La Federación Nacional de Cafeteros bajo Manuel Mejía Jaramillo (1930-1946)
Entre la victoria liberal de Enrique Olaya Herrera en 1930 y el fin del ciclo reformista con la elección de Mariano Ospina Pérez en 1946, la Federación Nacional de Cafeteros dejó de ser el gremio nacido en 1927 para convertirse en algo que no cabía en las categorías del derecho público colombiano: una institución privada con funciones estatales, fisco propio desde 1940, diplomacia directa en las capitales de la región y una red de comités que llegaba hasta los municipios de la cordillera. Manuel Mejía Jaramillo la dirigió durante casi todo ese arco, y bajo su gerencia el café —que en 1927 ya representaba el 15% del ingreso nacional— dejó de ser una mercancía que el Estado gravaba para convertirse en un sistema económico que el Estado administraba a través de la Federación. El resultado fue una institucionalidad híbrida: ni Estado paralelo pleno ni gremio subordinado, sino la forma que encontraron las élites bipartidistas para externalizar funciones que los gabinetes liberales, oscilantes entre la reforma y la pausa, no podían sostener con continuidad.
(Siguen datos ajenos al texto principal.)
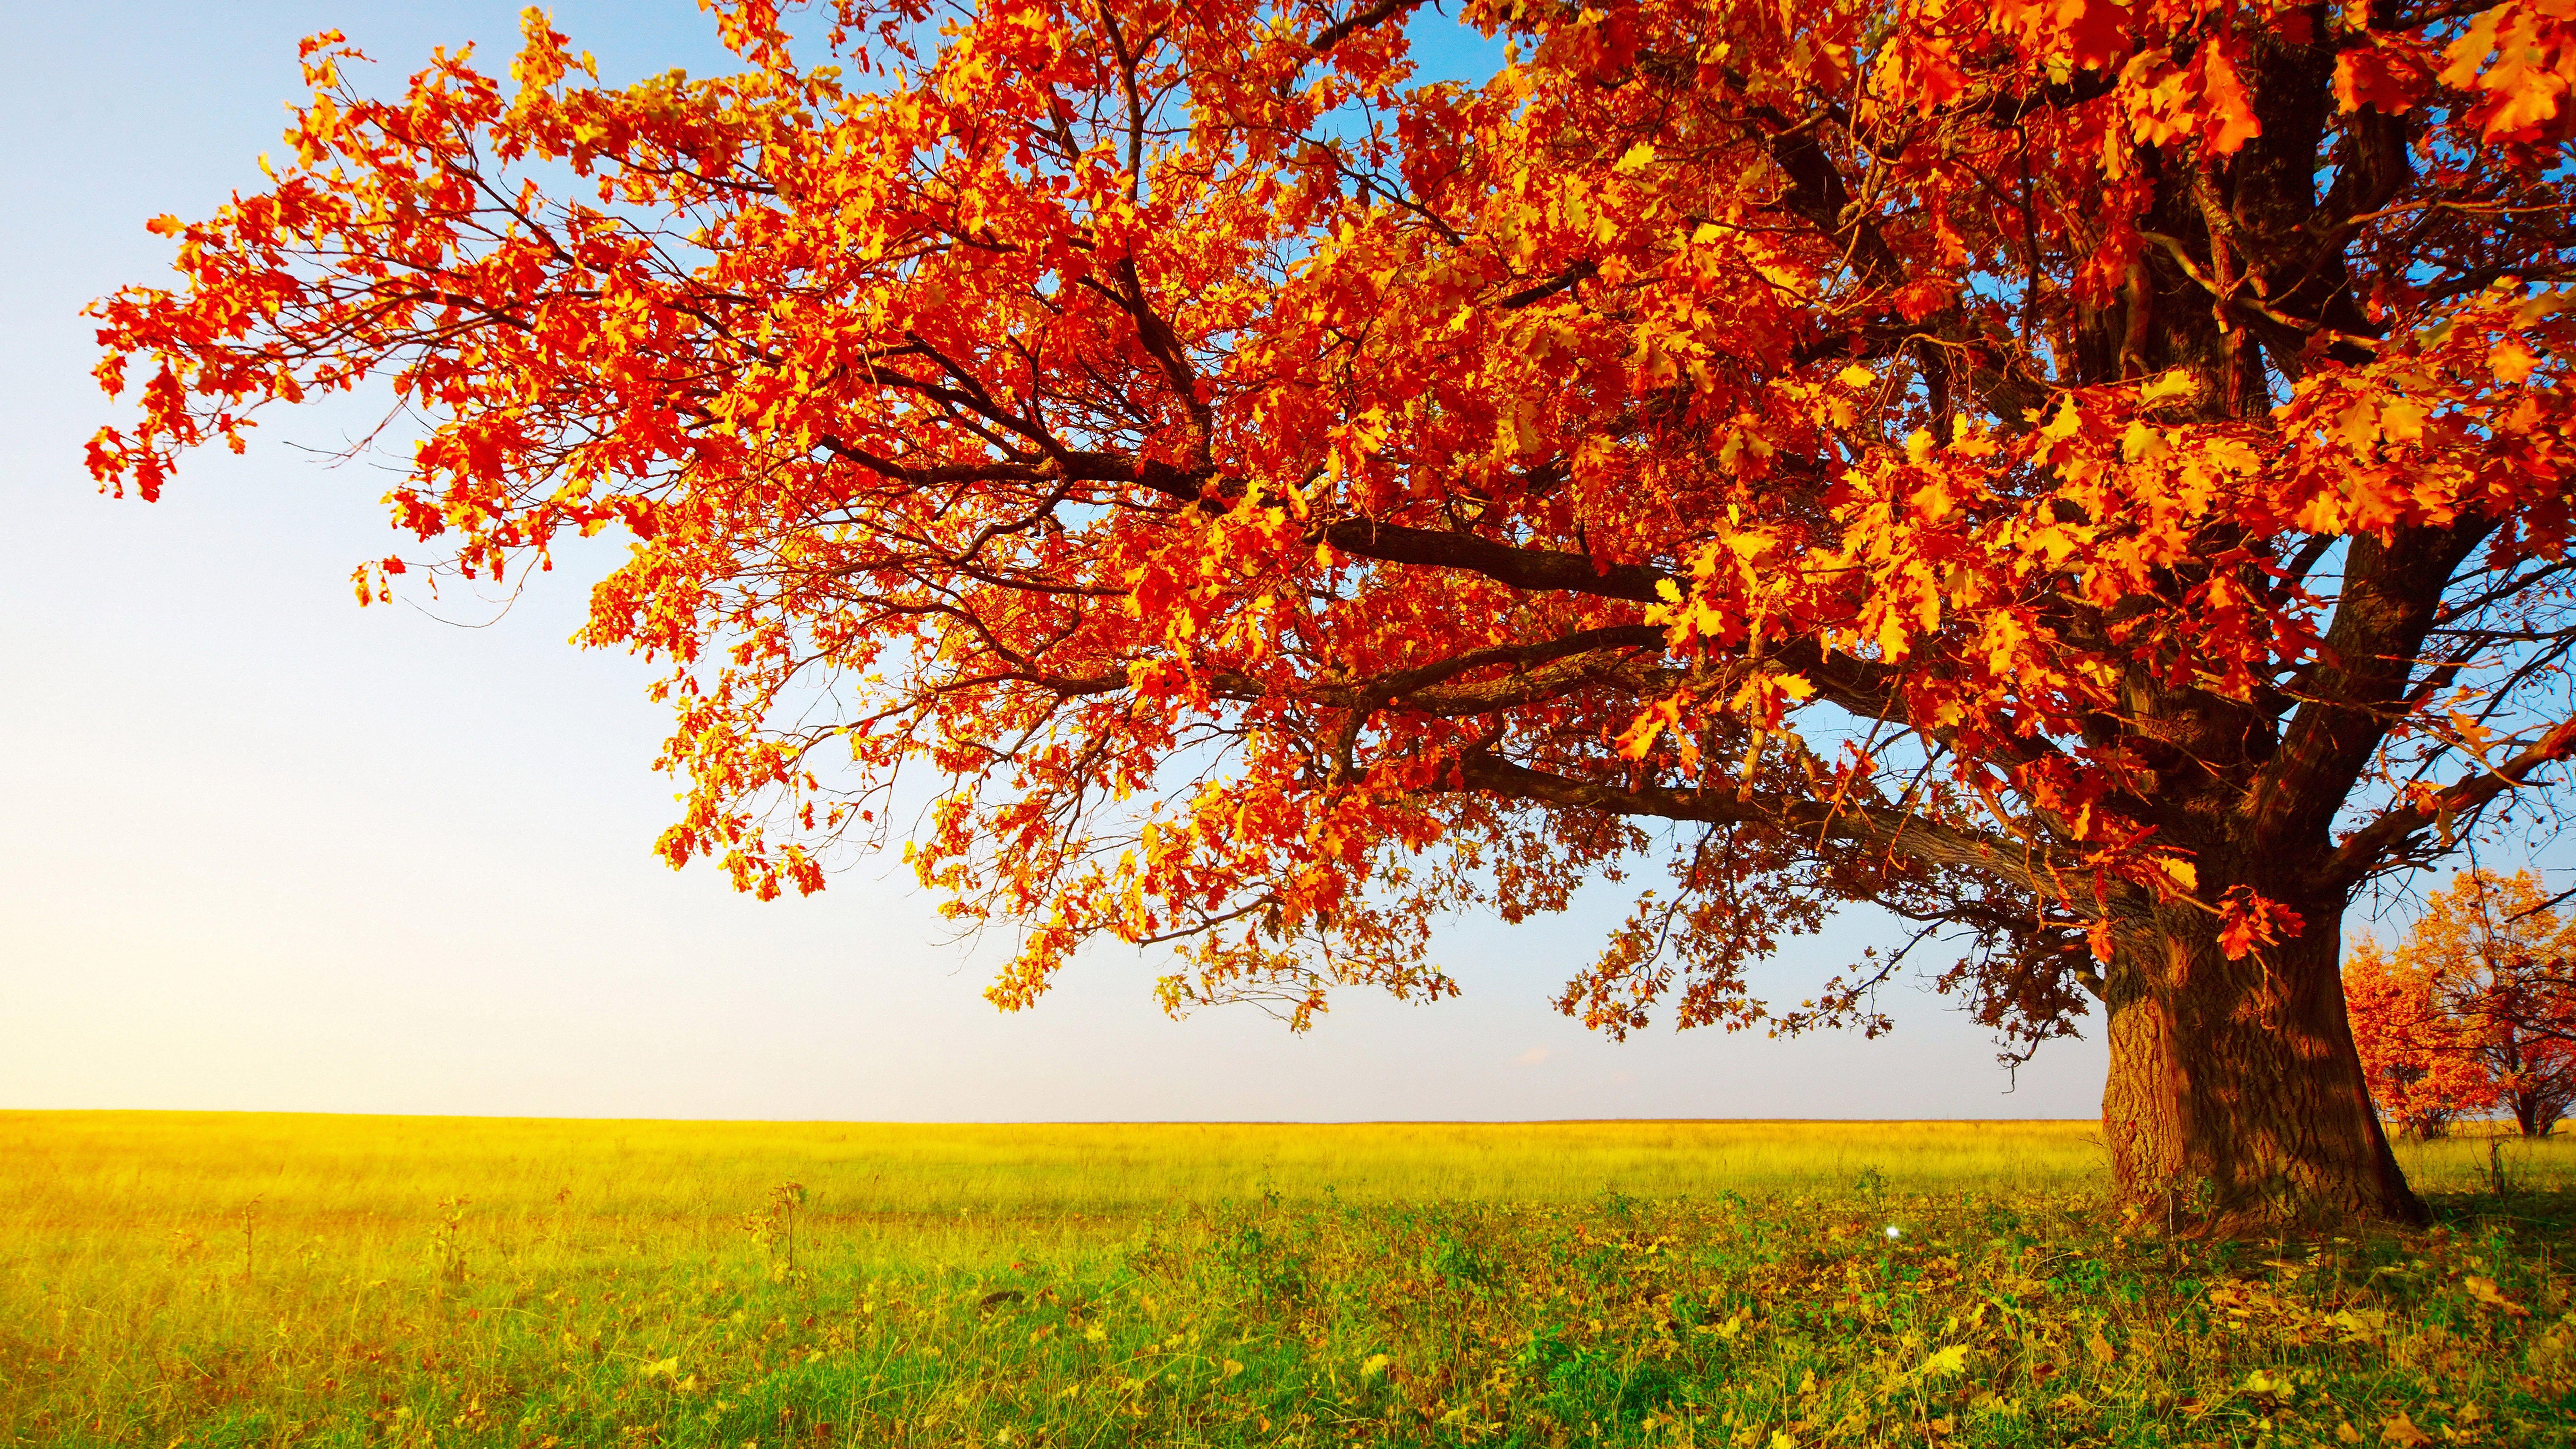 8k wallpaper fall landscape Árboles en otoño, Fondos de

De la promesa de 1927 al fisco propio: cómo la Federación adquirió músculo
El gobierno había creado la Federación en 1927 para regular la producción, armonizar el comercio, proveer crédito y velar por los intereses de productores y comerciantes. La ley legalizaba un poder que ya venía forjándose desde 1903 dentro de la Sociedad de Agricultores de Colombia. Pero durante sus primeros años las finanzas de la nueva entidad fueron endebles: el impuesto a las exportaciones de café, creado también en 1927, se le entregó en administración mediante el primer contrato firmado el 15 de octubre de 1928, aunque el gobierno no le transfirió el producto de inmediato. Solo en septiembre de 1930, ya bajo la presidencia de Olaya Herrera, la Federación comenzó a recibir esos recursos en forma retroactiva. Ese giro fiscal —una decisión política del primer gobierno liberal en dieciséis años de hegemonía conservadora— sostuvo todo lo que vendría después.
Con recursos estables, la Federación desplegó el andamiaje que la distinguiría: promovió la creación de Almacenes Generales de Depósito, impulsó cooperativas de caficultores, empezó a fijar estándares de calidad y tipos de café para exportación —una función típicamente estatal— y construyó, comité por comité, una capilaridad territorial que ningún ministerio poseía en la Colombia de los años treinta. Su participación directa en las exportaciones fue, en cambio, modesta y creciente: 1,1% en el quinquenio 1930-1934, 2,5% en 1935-1939, 4,9% durante los años de guerra 1940-1944. La Federación no exportaba café en volúmenes decisivos; lo que hacía era gobernar el mercado por el que ese café circulaba.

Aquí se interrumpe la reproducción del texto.